Member of the House of Representatives
- In office 10 April 1946 – 31 March 1947
- Preceded by: Constituency established
- Succeeded by: Multi-member district
- Constituency: Chiba at-large

Personal details
- Born: 15 December 1915 Ushimado, Okayama, Japan
- Party: Democratic

= Utako Takeuchi =

Japanese politician (born 1915)

Utako Takeuchi (竹内歌子; born 15 December 1915) was a Japanese journalist and politician. She was one of the first group of women elected to the House of Representatives in 1946.

==Biography==
Takeuchi was born in Ushimado in 1915. She attended Sanyo High School, after which she became a reporter for Miyako Shinbun. She then worked for Kokusai Tsushinsha and in 1942 became headmistress of the First Tokyo Girls Dress-Designing School. In 1944 she was appointed to the board of directors of Oji Sangyo and in 1946 became president of Boso Sangyo.

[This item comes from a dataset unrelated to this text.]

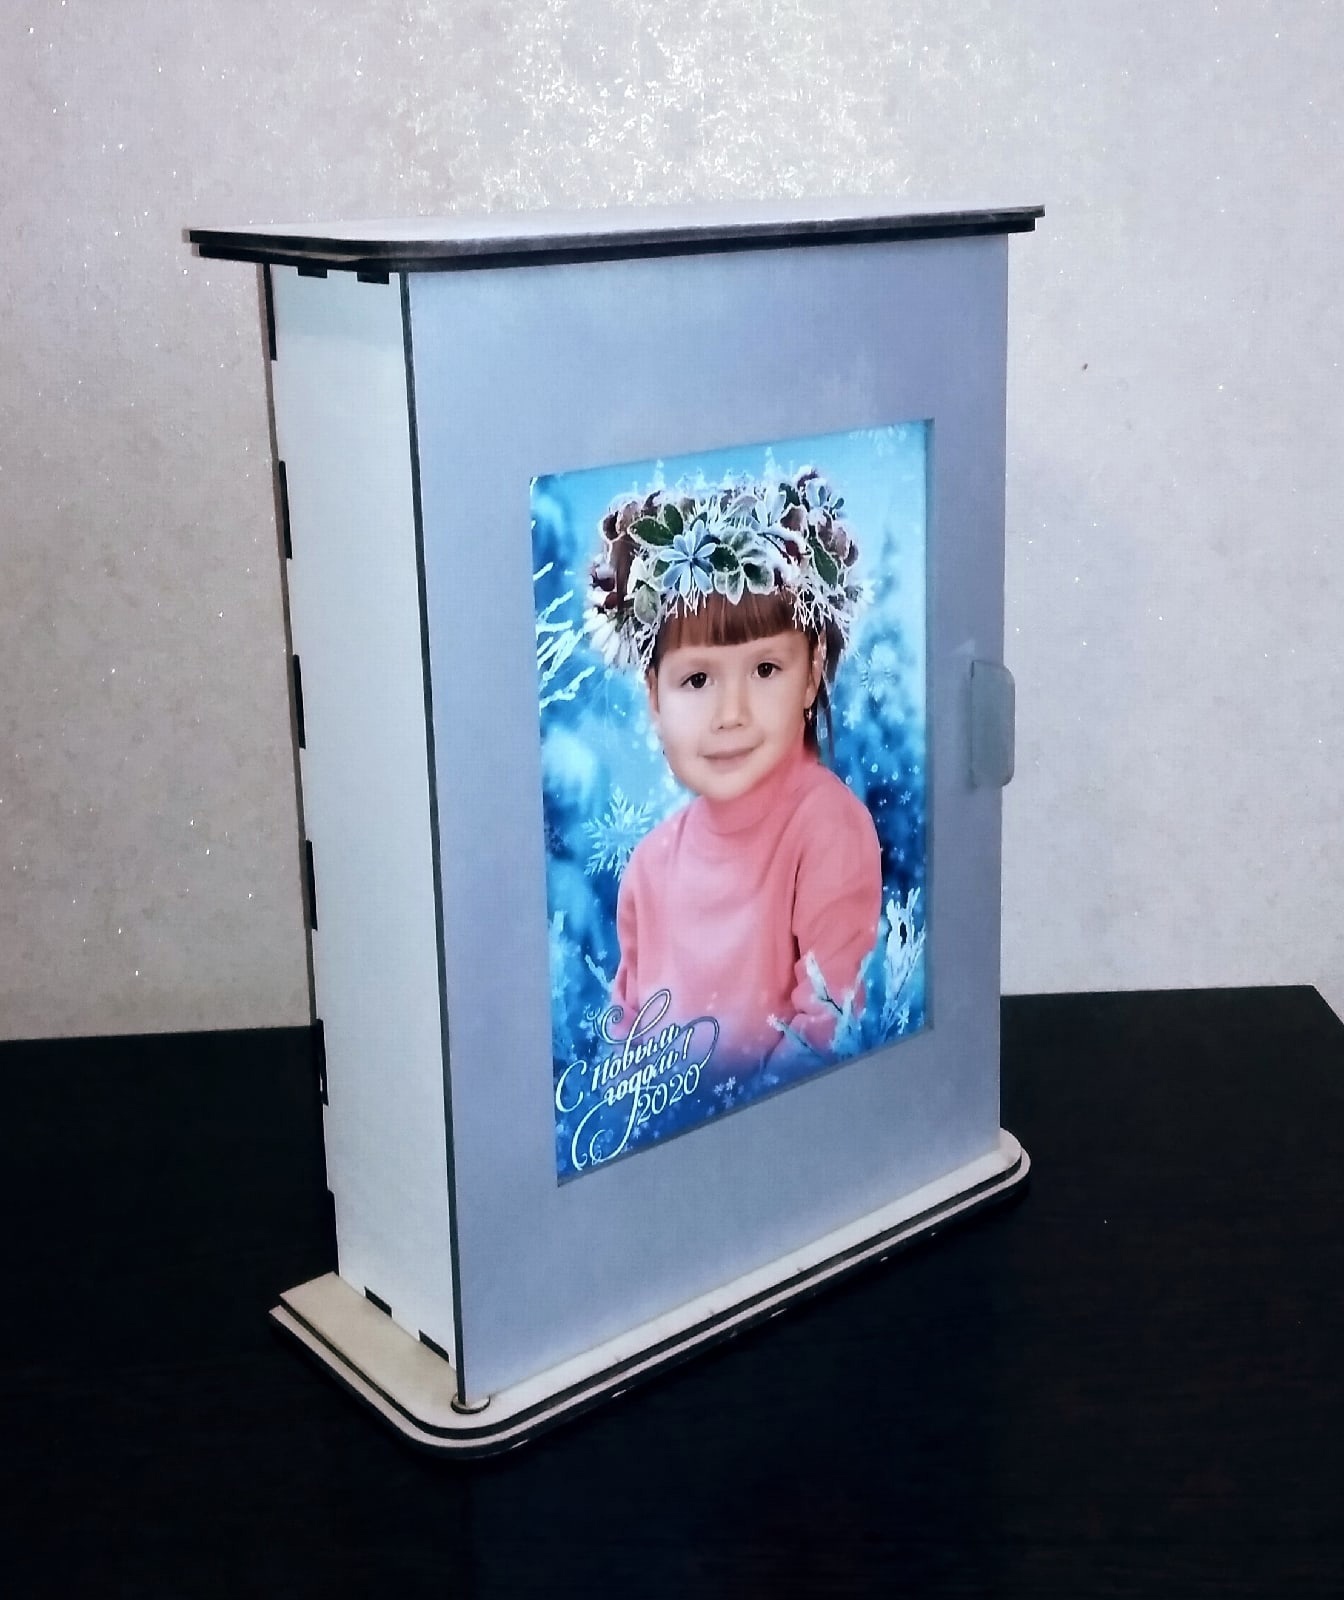 صندوق تخزين مفتاح الخزانة بالليزر المقطوع بالليزر مع إطار الصورة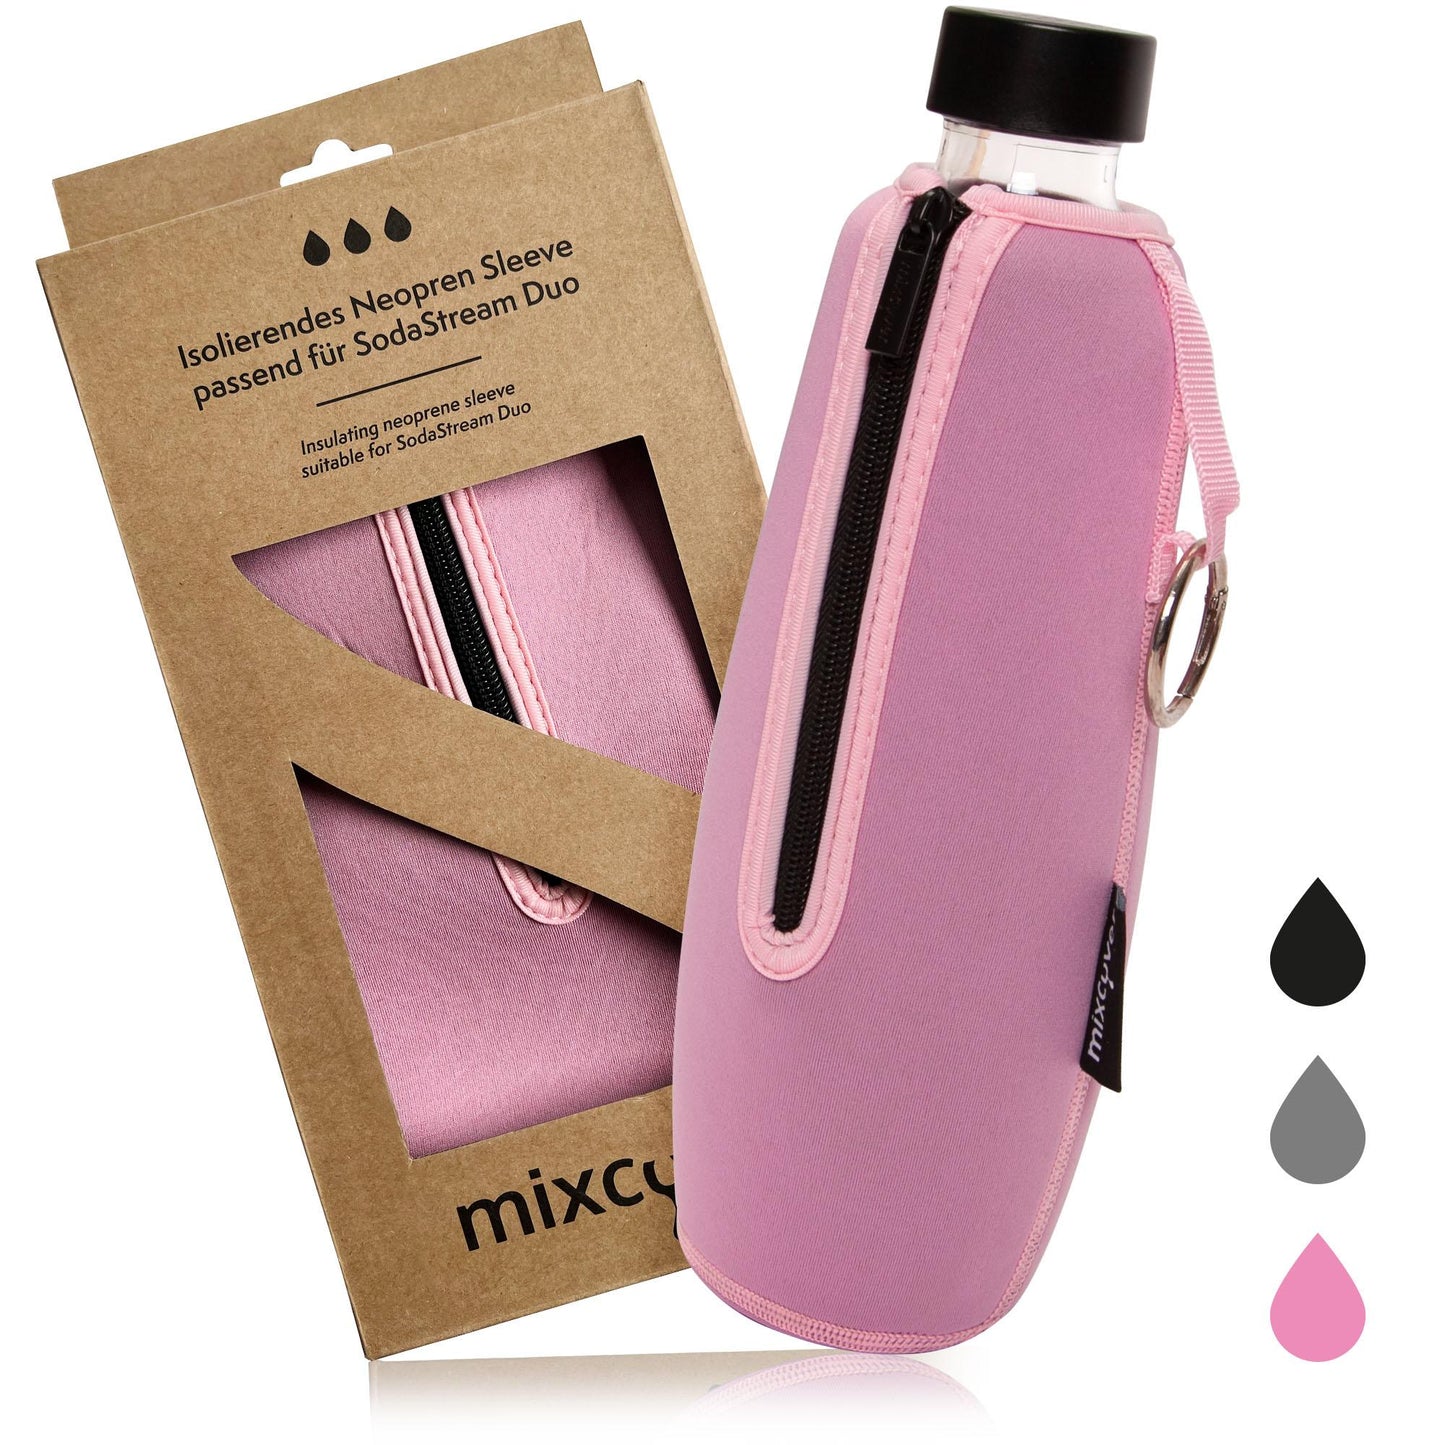 mixcover Manica di protezione da bottiglia isolata Compatibile con bottiglie di vetro duo di sodastream Cover protettivo per bottiglie, protezione da frattura e graffi, colore rosa

After World War II, Takeuchi joined the New Japan Youth Party and became head of its women's section. She was a candidate for the party in Chiba in the 1946 general elections (the first in which women could vote), and was elected to the House of Representatives. She ran for re-election in 1947 as a Democratic Party candidate in Saitama 1st district, but failed to retain her seat.